══ DATA RECORDS ══

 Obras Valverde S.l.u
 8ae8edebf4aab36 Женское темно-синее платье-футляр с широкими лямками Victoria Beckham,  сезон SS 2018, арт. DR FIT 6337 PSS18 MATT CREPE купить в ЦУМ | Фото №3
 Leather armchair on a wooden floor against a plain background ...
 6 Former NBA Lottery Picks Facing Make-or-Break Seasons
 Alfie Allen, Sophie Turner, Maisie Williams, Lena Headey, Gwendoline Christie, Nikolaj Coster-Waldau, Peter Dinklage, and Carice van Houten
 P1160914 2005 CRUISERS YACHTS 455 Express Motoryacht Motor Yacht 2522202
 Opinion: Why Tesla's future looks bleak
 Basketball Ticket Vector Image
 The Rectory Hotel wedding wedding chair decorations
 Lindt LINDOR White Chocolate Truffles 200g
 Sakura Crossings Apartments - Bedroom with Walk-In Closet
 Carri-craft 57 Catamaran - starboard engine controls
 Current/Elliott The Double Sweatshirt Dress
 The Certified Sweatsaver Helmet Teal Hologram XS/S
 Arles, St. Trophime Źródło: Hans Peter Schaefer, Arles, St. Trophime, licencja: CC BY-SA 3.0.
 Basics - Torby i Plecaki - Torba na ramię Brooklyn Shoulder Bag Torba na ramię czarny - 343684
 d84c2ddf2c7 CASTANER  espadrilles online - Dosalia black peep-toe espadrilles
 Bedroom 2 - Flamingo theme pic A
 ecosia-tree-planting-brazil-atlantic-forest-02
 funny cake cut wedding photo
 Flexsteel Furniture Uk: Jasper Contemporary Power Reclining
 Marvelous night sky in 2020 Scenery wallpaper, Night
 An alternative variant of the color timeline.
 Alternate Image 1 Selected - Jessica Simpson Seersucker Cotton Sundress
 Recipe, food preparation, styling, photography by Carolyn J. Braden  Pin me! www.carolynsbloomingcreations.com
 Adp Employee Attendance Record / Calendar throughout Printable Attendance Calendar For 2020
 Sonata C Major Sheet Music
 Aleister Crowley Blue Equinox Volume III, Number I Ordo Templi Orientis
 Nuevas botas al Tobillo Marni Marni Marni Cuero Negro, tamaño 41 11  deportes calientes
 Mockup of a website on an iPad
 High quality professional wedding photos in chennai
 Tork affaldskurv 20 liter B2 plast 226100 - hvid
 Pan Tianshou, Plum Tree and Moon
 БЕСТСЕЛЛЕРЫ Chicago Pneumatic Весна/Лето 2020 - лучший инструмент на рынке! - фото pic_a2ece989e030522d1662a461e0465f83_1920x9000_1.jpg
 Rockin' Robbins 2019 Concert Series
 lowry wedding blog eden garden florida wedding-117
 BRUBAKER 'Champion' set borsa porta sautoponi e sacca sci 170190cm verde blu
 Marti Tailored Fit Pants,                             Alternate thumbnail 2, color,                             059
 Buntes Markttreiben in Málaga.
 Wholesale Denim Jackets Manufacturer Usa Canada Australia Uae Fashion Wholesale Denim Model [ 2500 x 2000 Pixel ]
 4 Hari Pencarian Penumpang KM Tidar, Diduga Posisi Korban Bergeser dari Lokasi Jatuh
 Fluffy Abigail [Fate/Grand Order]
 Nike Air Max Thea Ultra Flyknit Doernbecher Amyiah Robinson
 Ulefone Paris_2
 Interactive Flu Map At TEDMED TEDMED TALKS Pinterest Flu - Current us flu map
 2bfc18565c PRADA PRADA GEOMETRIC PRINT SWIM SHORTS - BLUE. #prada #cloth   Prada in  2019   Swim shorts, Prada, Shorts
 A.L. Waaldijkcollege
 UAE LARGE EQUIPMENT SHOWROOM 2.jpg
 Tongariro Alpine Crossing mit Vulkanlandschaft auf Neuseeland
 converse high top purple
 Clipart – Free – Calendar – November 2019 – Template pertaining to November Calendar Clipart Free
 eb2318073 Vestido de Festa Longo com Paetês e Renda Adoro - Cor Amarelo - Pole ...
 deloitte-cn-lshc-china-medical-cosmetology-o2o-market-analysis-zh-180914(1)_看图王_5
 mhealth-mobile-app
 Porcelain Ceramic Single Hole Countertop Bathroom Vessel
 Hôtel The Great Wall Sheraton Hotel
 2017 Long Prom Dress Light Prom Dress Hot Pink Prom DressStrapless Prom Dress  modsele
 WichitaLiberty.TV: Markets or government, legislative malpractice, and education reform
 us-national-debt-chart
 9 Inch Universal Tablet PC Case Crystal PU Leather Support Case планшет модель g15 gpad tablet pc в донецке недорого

═══

▶ _PROBLEM TO WORK ON_: Out of the listing above, reproduce exactly the lines from the one with "Nuevas botas al" up to and including the one with "Pan Tianshou, Plum Tree and Moon".

▶ _RESPONSE AREA_:
 Nuevas botas al Tobillo Marni Marni Marni Cuero Negro, tamaño 41 11  deportes calientes
 Mockup of a website on an iPad
 High quality professional wedding photos in chennai
 Tork affaldskurv 20 liter B2 plast 226100 - hvid
 Pan Tianshou, Plum Tree and Moon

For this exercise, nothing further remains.